For users an action is a way to reach the goal. To understand a user’s reaction in a specific situation it is important to understand the structure of an action. An action consists of three stages; first a goal is identified, second is to take action and third checking if the goal was achieved. The action can be either to do something (execution) or checking the outcome (evaluation) (Norman, 1988).

2.3 Theories of Adhesion

Adhesion refers to the bonding of one material to another. There are different theories explaining adhesion. Since many different phenomena are involved in adhesion and a great variety of materials can be bonded the different theories all contribute to the understanding of adhesion. It is important to understand that more than one adhesion mechanism can be involved in the process at the same time (Schultz & Nardin, 2002). The project will evaluate different adhesives why the reader is provided with insight in adhesion to be able to understand the project. To give an insight in the theories relevant today and provide a basic understanding regarding adhesion the theories are in short presented in this section.

2.3.1 Mechanical theory of adhesion The mechanical theory proposes that the strength of adhesion depends on how well the adhesive penetrates the pores of the surface, called mechanical interlocking. The mechanical theory emphasises that

penetration of the pores is the main parameter in bonding. Since good adhesion is possible between smooth surfaces good wetting, see 2.4.2 Wetting, is also required for good adhesion. (Schultz & Nardin, 2002) Mechanical interlocking is an important factor for adhesion.
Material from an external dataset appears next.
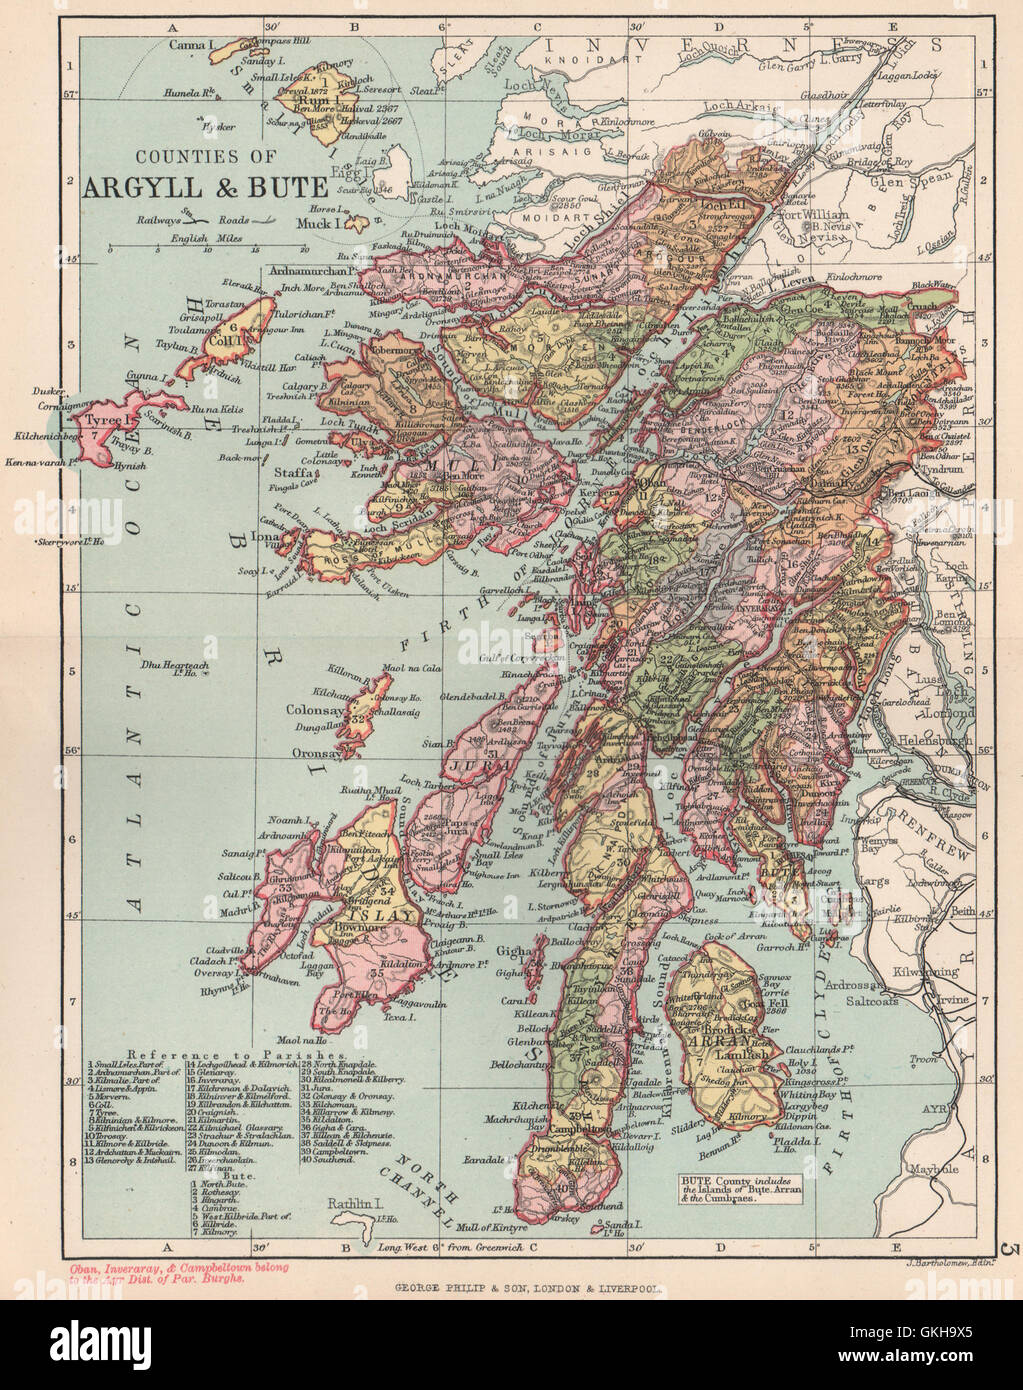 Counties Of Argyll Bute Argyllshire Buteshire Bartholomew 1891 Map GKH9X5

Surface roughness examined on a macro scale level shows that the penetration of the adhesive into the pores of the substrate but also the fibres embedding in the adhesive is important for adhesion. Examining surface roughness on a macro scale level is enough for fibrous materials.

Mechanical interlocking on micro scale level has been proven to be important for bonding strength on metal (Allen, 1993).

2.3.2 Adsorption theory

Adsorption theory or

thermodynamic theory considers that adhesion is created when adhesive and substrate come in close contact and forces are formed between the adhesive and substrate.

Primary bonds such as covalent forces or secondary bonds such as van deer Waals forces will act between adhesive and substrate when they are in close contact.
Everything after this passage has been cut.